The frozen and well-preserved carcass of a missing wool rhino – with its last mass still inside – was recovered in Siberia, where it spent about 34,000 years in barren permafrost, according to a report.
Scientists found the beast – which was 80 percent intact, with its teeth still in place – near where the world’s only wool rhino, named Sasha, was dug in 2014, East2West News reported.
“According to preliminary estimates, the rhino is three or four years old … most likely drowned in the river,” said scientist Albert Protopopov.
“The case is very well preserved.

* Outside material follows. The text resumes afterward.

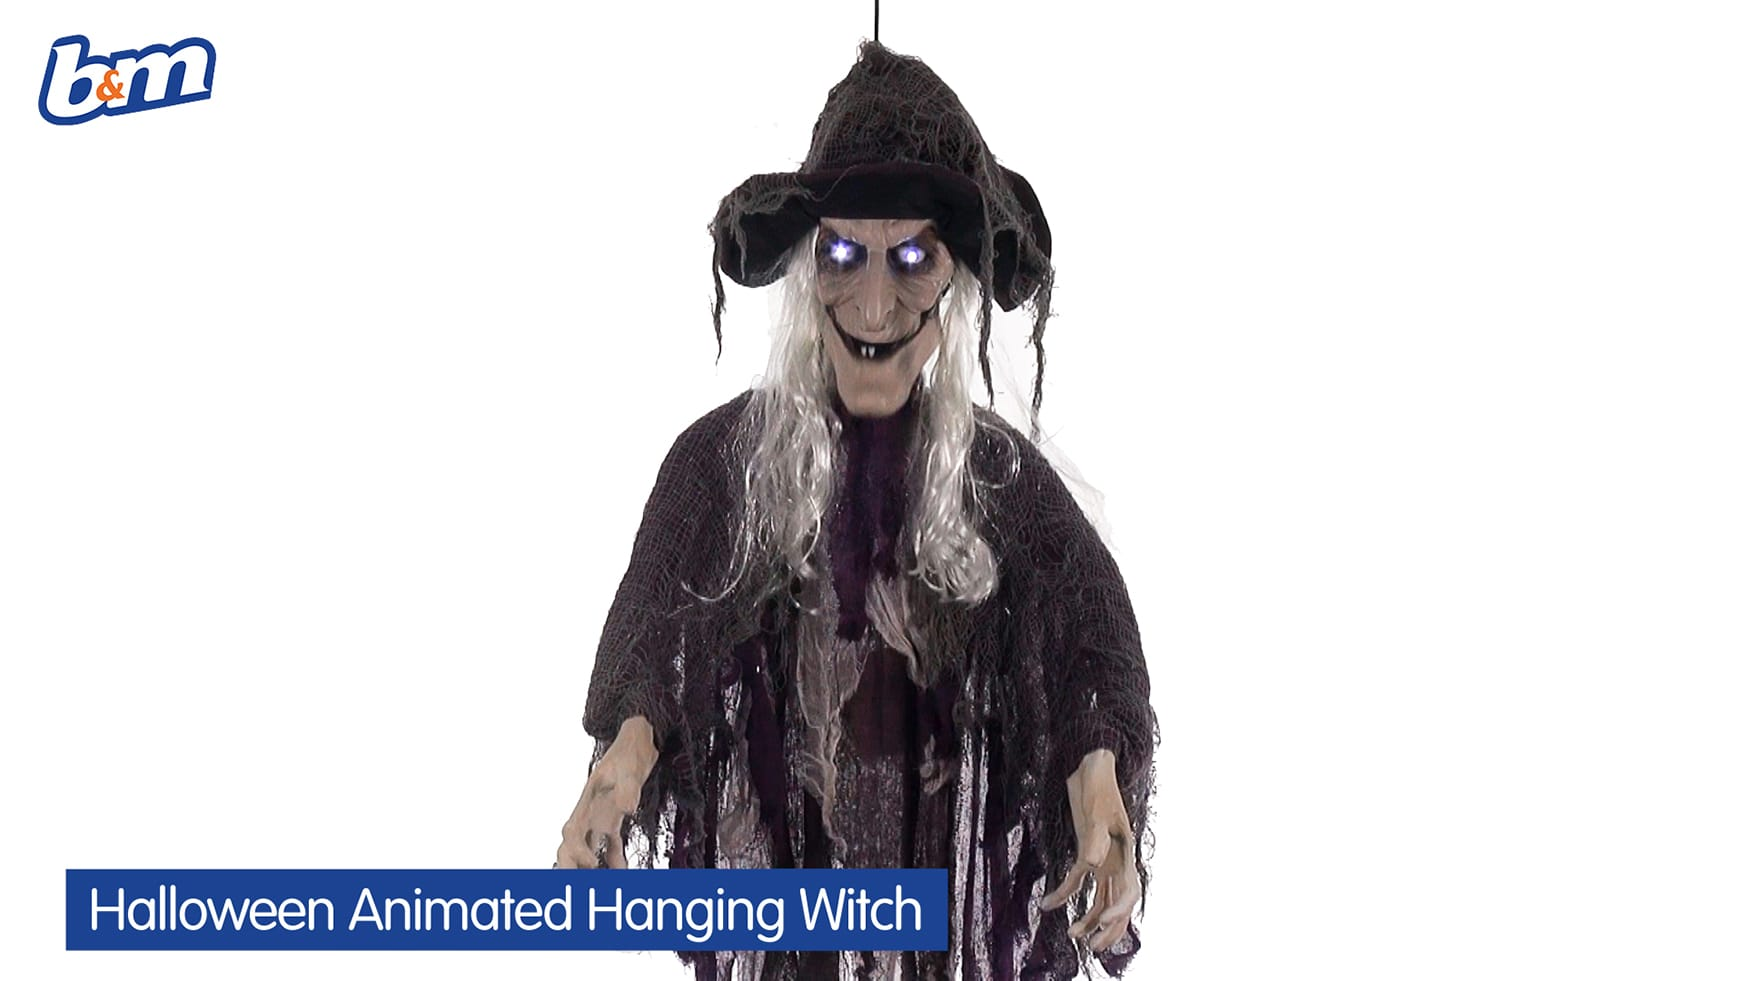 b&m lifestyle | animated talking hanging witch

Among other things, some of the internal organs are preserved, which will allow in the future to study in more detail how the species ate and lived “, he added.
The genus of the Pleistocene animal, which was discovered in the Abyisky district of Yakutia along with a nearby horn, has not yet been revealed.
Sasha was 34,000 years old, but the new rhinoceros could be between 20,000 and 50,000 years old, according to Valery Plotnikov, a researcher at the Academy of Sciences in the Sakha Republic.
“But we haven’t done radiocarbon tests yet,” he said.
Protopopov said that “the Abyisky rhino can already be called the only one of its kind in the world.”
He added: “Earlier, not even the bone remains of individuals from this era were found, not to mention the carcasses of preserved animals.”
The case is being kept in a glacier pending relocation to Yakutsk, where it will be presented to the scientific community.
Pavel Yefimov, a local entrepreneur who was behind the discovery, presents the animal at the Academy of Sciences.